Human B lymphocyte-derived cell line, DS-1 (ATCC) was used, which stably and abundantly expresses IL-6R on its surface. The amount of test sample bound to IL-6R was determined by indirect immunofluorescence labelling. Samples of varying concentrations were added to the cells, and after washing steps, fluorescein isothiocyanate (FITC)-labelled anti-human IgG F(ab’)2 (Thermo Fisher Scientific) was used. The detection was performed by BD FACSVerse flow cytometer (Becton Dickinson). The results were collected by BD FACSuite software (Becton Dickinson) and evaluated using PLA software (Stegmann Systems). The measured median fluorescence intensity (MFI) values were plotted as a function of treatment concentration after log transformation. A 4PL curve was fitted to the points, and the relative biological activity of the sample was calculated from the EC50 values.

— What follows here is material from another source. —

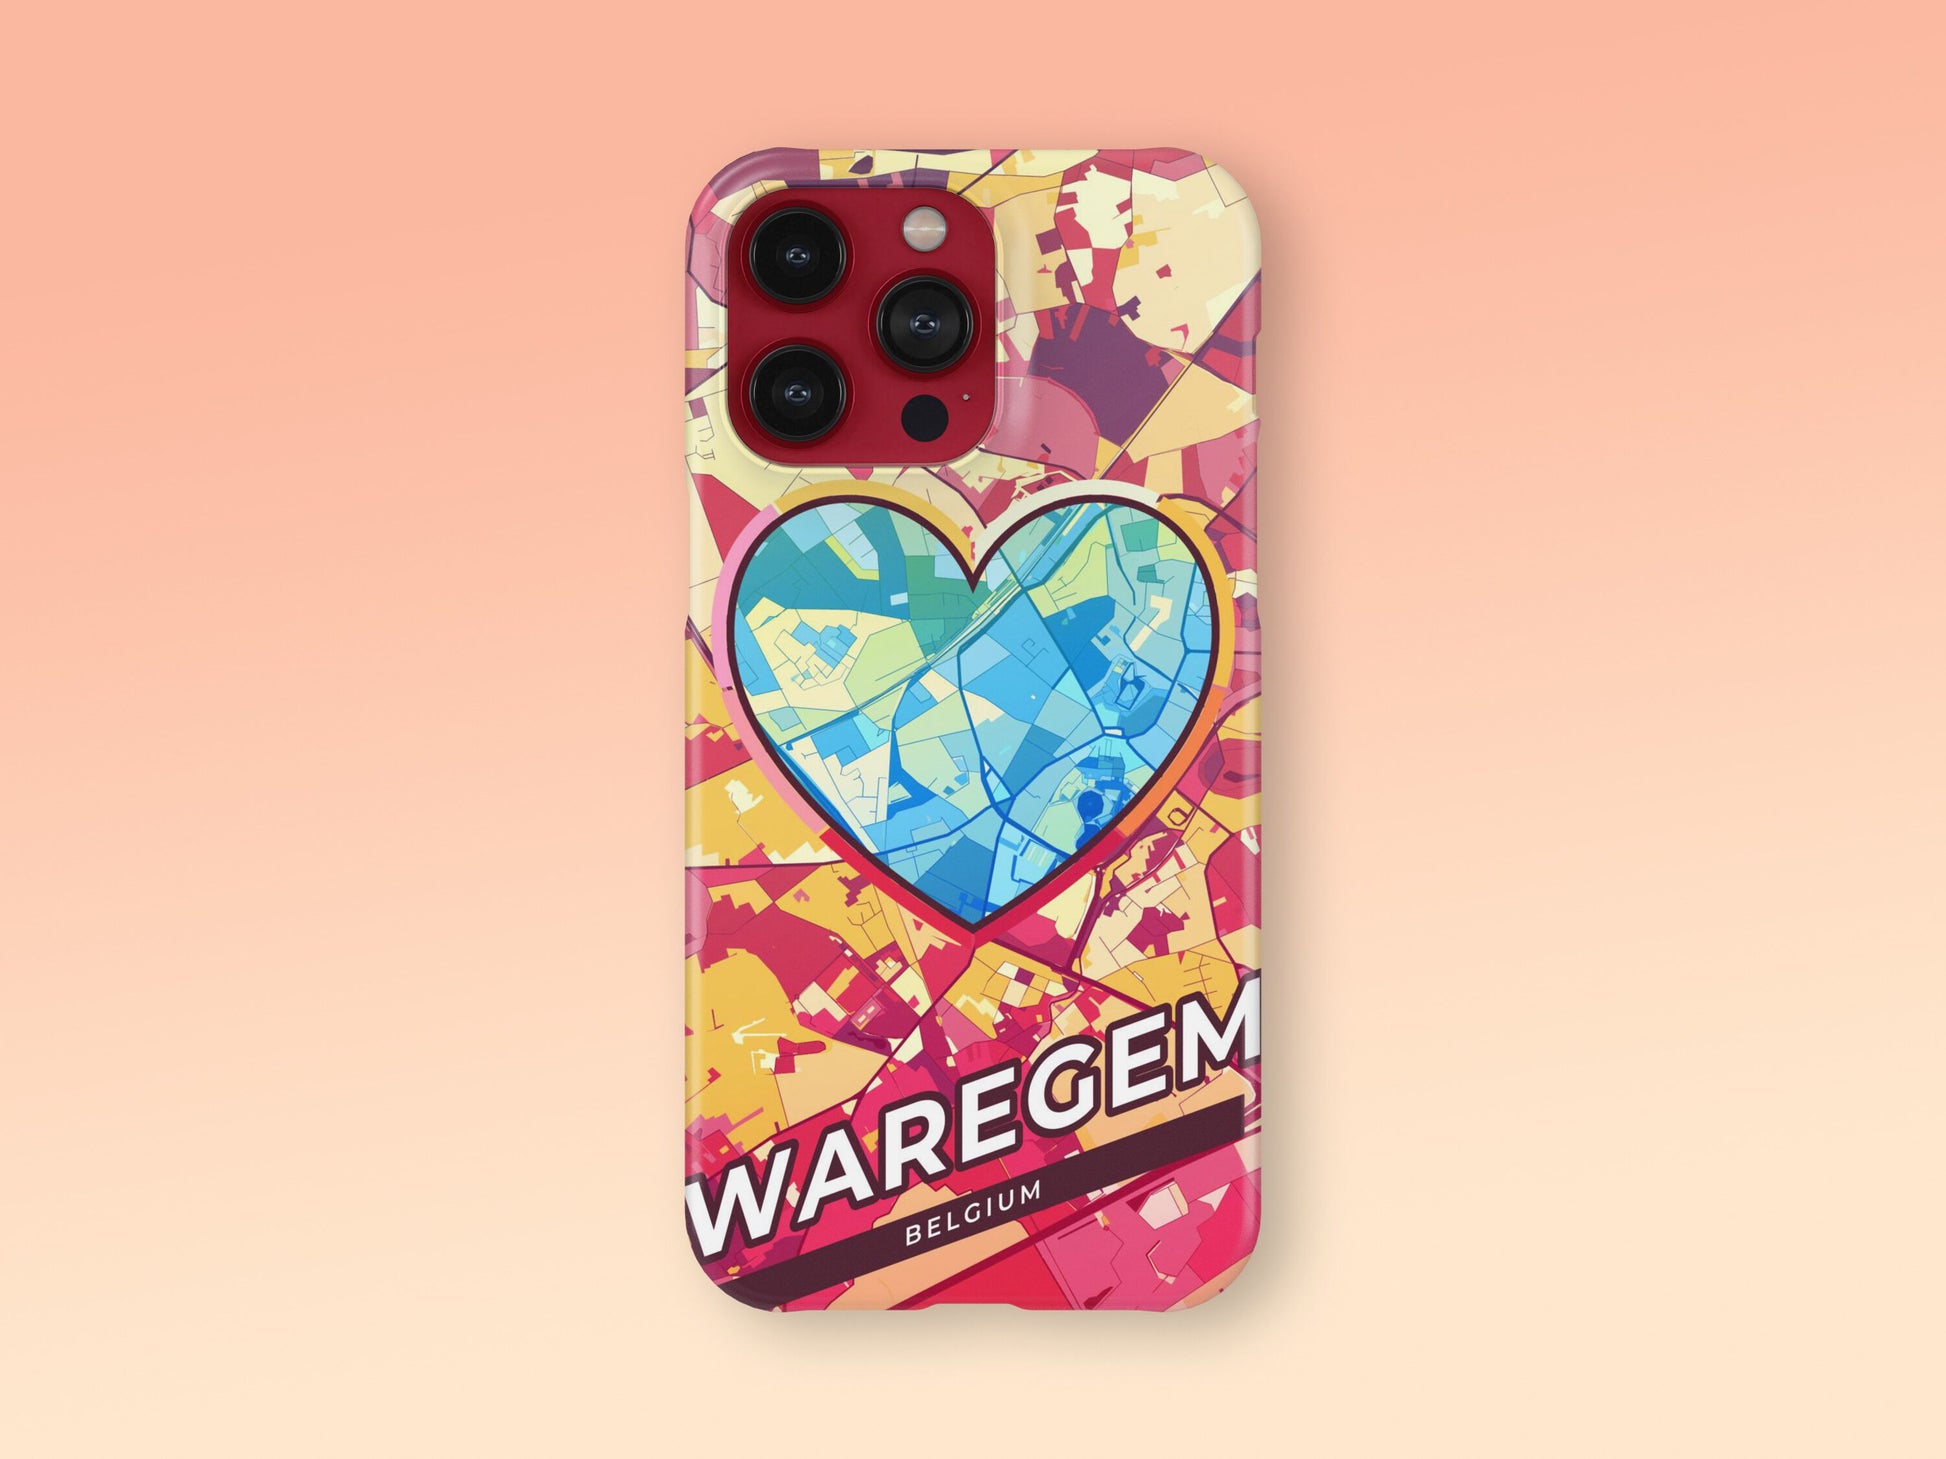 Waregem Belgium slim phone case with colorful icon 2

2.4.4 Anti-proliferation Assay

TF-1 cells (ATCC® CRL-2003) were cultured in RPMI-1640 medium with fetal bovine serum (FBS) and granulocyte-macrophage colony-stimulating factor (GM-CSF) before being seeded into a 96-well assay plate in the presence of FBS and recombinant human interleukin-6 (rhIL-6). Serial dilutions of the test sample were added to the IL-6–treated cells, and after incubation, viable cells were detected by adding AlamarBlue® reagent. The relative biological activity result of the test sample was calculated from EC50 values derived from the dose-response curve with respect to reference standard, using a 4PL model fit by PLA software (Stegmann System).